Лариска, пожалуй, оделась тоже невызывающе: брючки черные и в обтяжечку, как у спортсменки. Так это Лариске было как раз к лицу: она худенькая, чернявая — брюки делали ее строже, подтянутее.
А Надежда-то вырядилась как огородное чучело: натянула на себя не штаны, а балахоны — в каждую штанину можно по беременной бабе забить. И ведь сшито-то черт знает из какого и материалу — Тишиха из такого платок и то постыдилась бы носить: петухи не петухи, а какие-то разноперые, крикливые птицы насажены на зеленые ветки, не по одному петуху на каждой штанине.
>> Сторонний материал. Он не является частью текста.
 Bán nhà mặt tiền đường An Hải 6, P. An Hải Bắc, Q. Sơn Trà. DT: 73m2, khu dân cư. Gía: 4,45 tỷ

И кофта не кофта на Надежде, а мужская рубаха со стоячим воротником, с накрахмаленными манжетами. Это надо же так себя испроказить: на лицо посмотришь — девка как девка, миленькая, улыбается, и щербинку видать, русые волосы в косу заплетены, а вниз глянешь — и обомрешь, петухи все впечатленье портят. Когда Надежда по избе ходит, только их и видать: от лица взгляд оттягивают.
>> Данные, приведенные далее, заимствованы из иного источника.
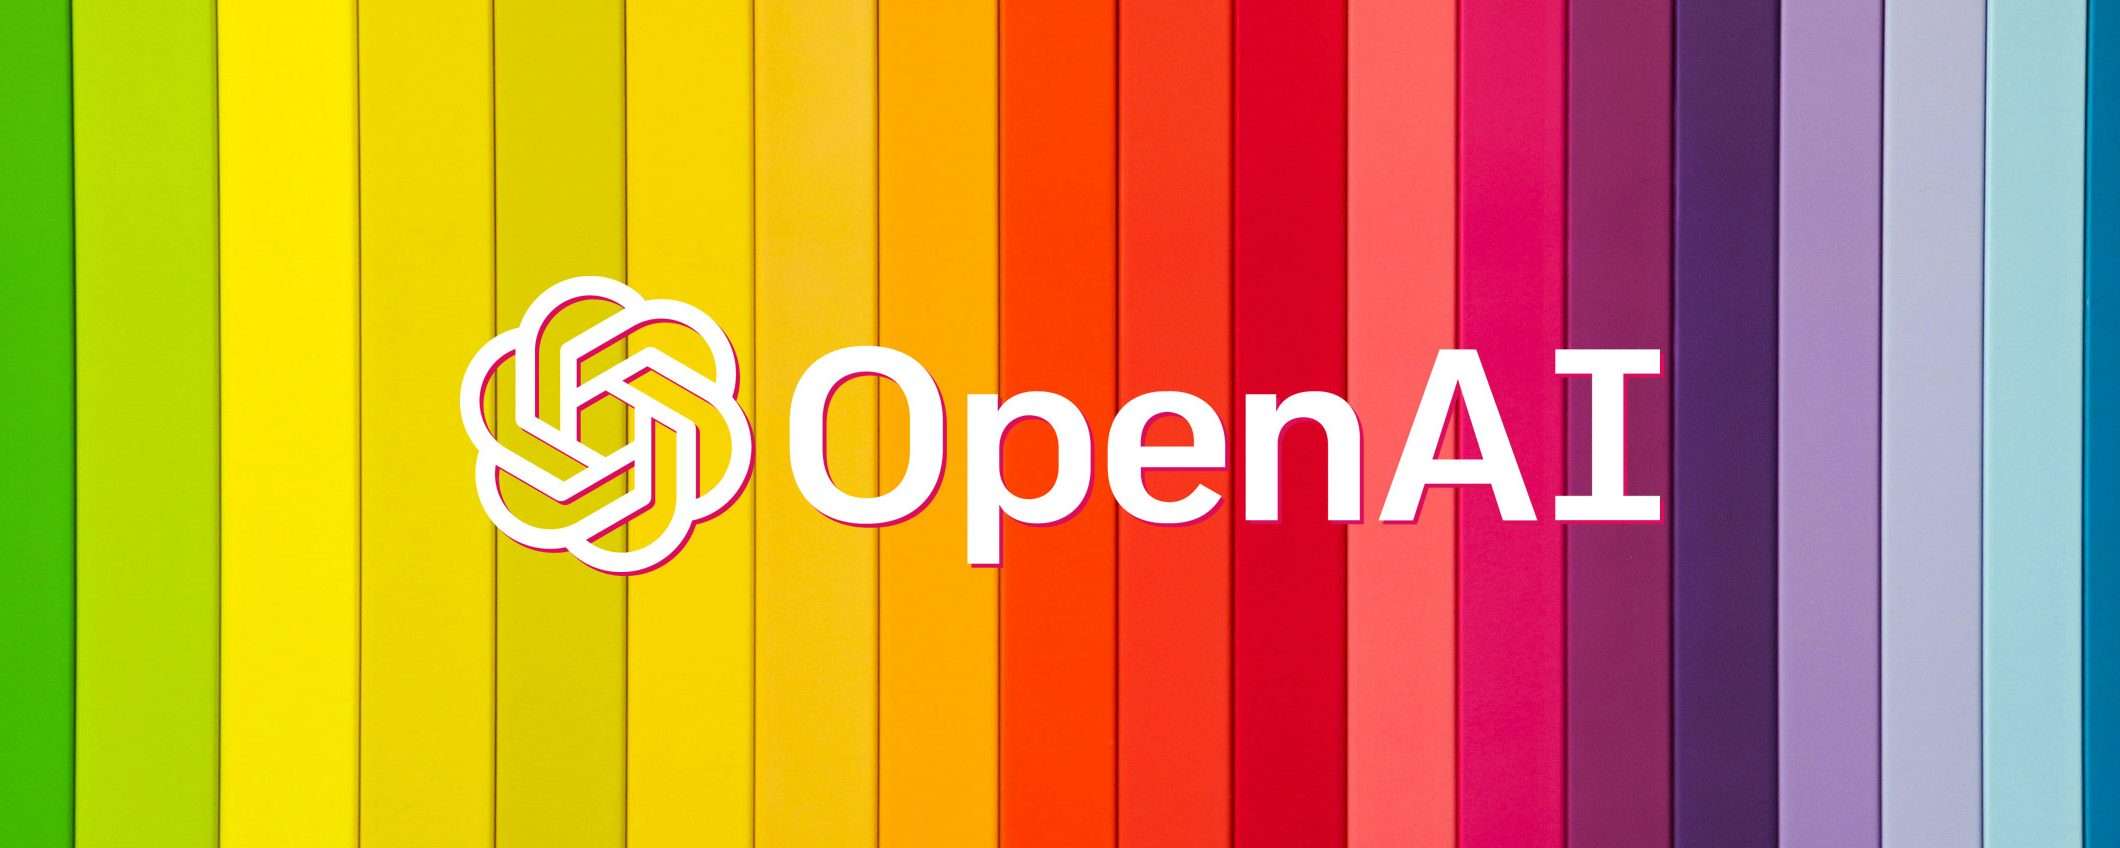 ChatGPT e notizie: OpenAI con Le Monde e Prisa Media

Фаину Борисовну, наверное, и силой не заставишь Надеждины штаны на себя надеть: эта знает цену обезьяньему модничанью. Правда, больше всего Тишиху склоняло к мысли, что Фаина Борисовна уже повидала жизнь, все-таки не это, а то, что она будто дочка, так за ней по пятам и ходила: Тишиха загремит в сенях ведрами, чтобы отправиться за водой, а Фаина Борисовна уже у нее отбирает их: «Ой, что вы! Вам тяжело, а я для разминки сбегаю… Пойдемте, покажете, где колодец». Тишиха наладится за дровами в ограду, а Фаина Борисовна опять впереди нее. До того ловка, будто сызмалу со стариками росла.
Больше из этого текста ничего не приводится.